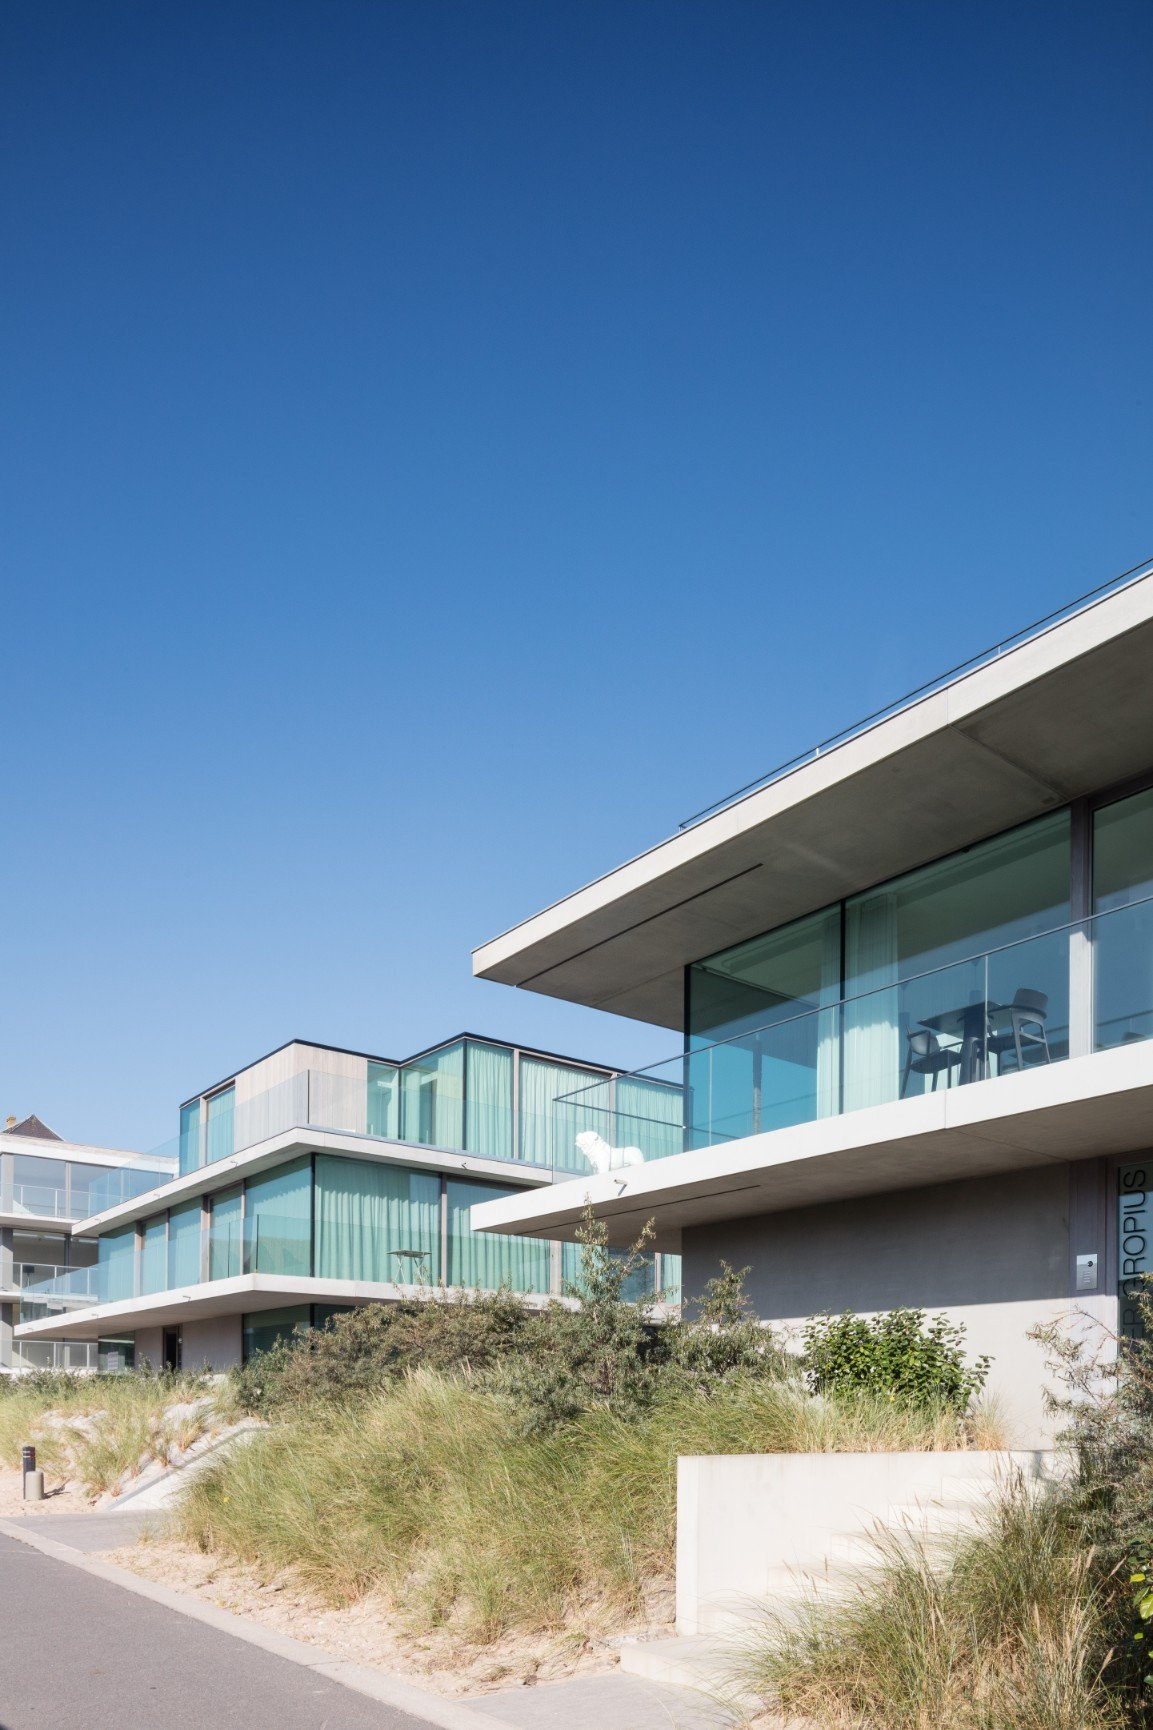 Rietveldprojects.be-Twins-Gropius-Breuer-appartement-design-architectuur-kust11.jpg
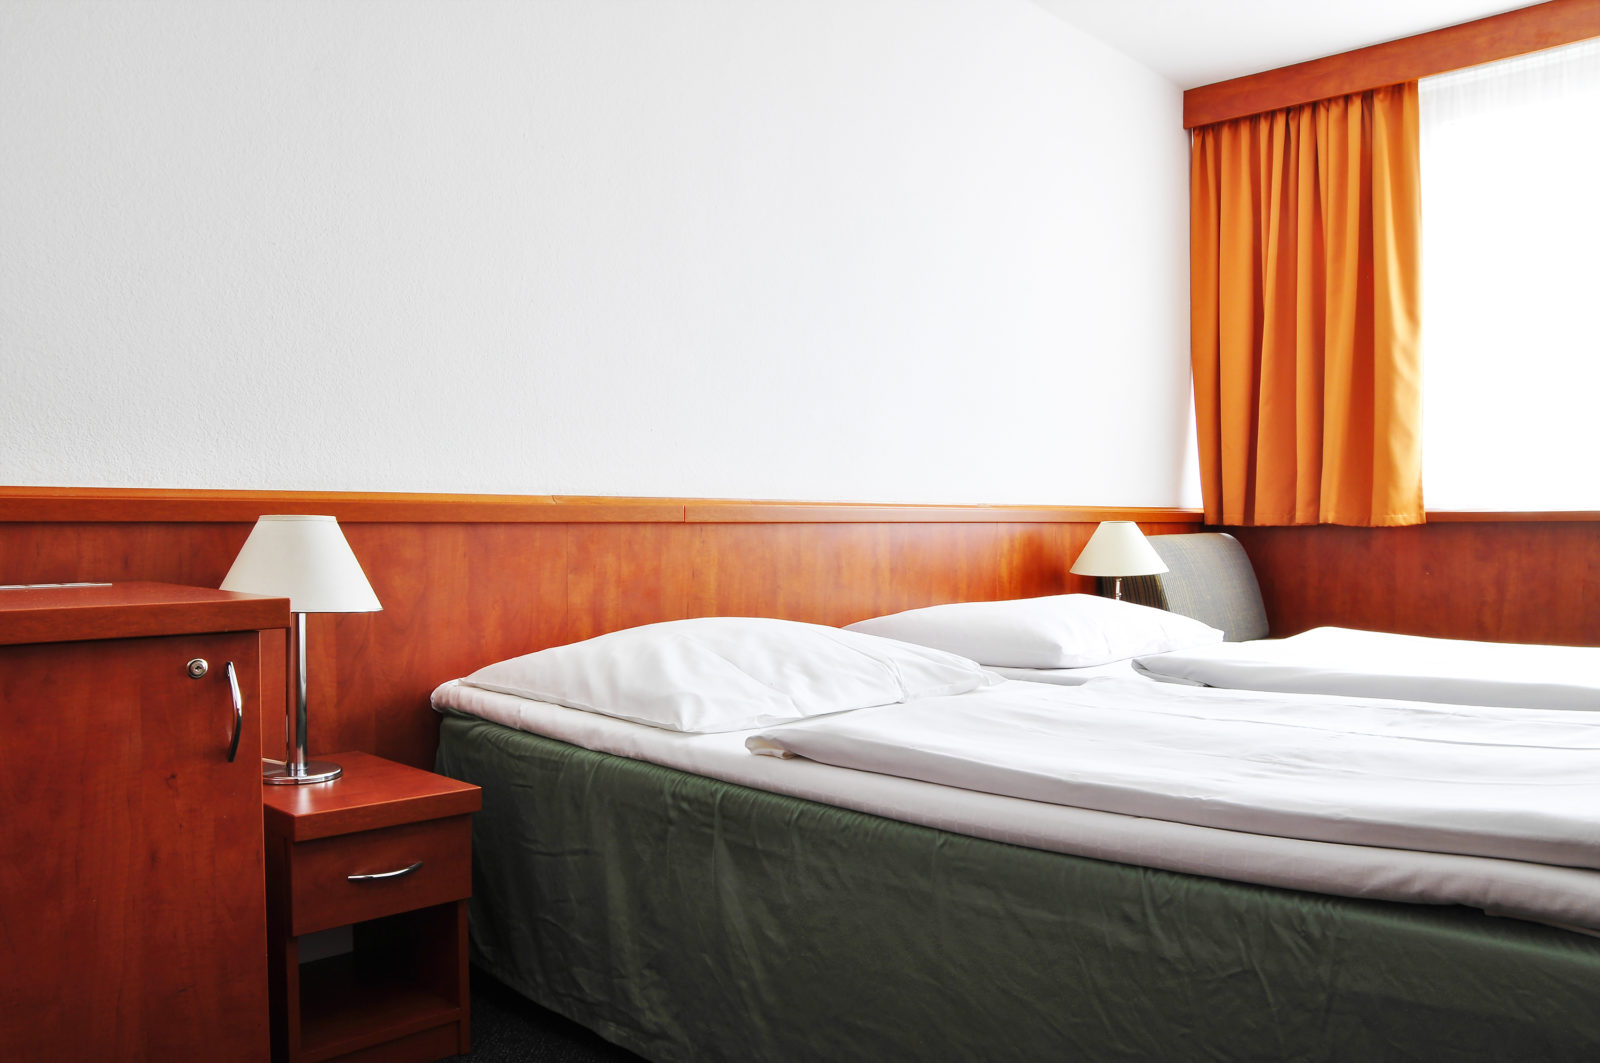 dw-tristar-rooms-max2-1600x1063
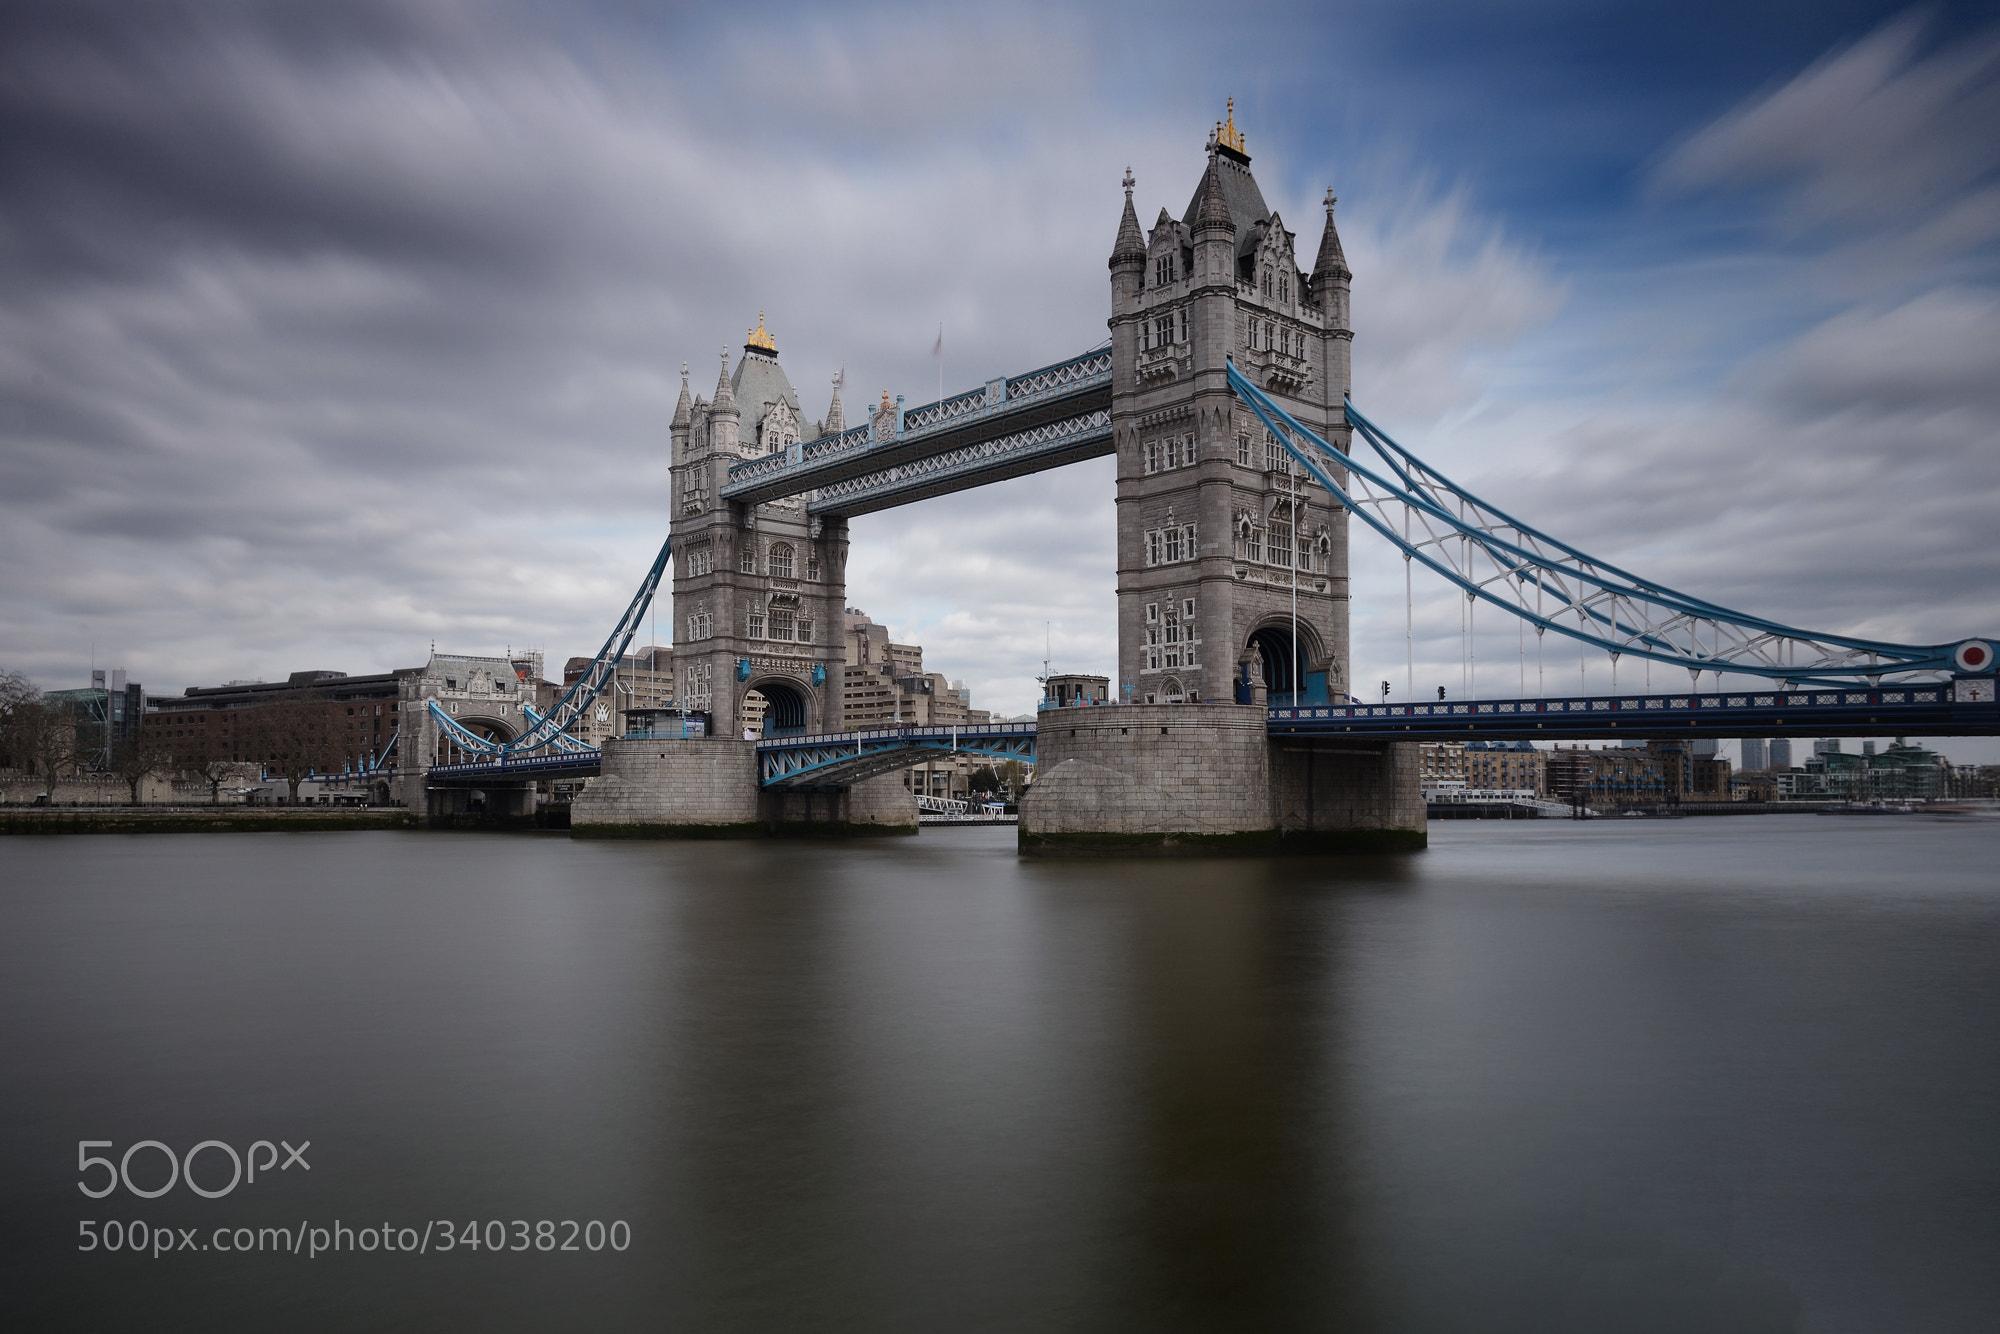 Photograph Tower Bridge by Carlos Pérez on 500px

========

ASSIGNMENT: Print the material above verbatim, no images.

TASK RESPONSE:
 Rietveldprojects.be-Twins-Gropius-Breuer-appartement-design-architectuur-kust11.jpg
 dw-tristar-rooms-max2-1600x1063
 Photograph Tower Bridge by Carlos Pérez on 500px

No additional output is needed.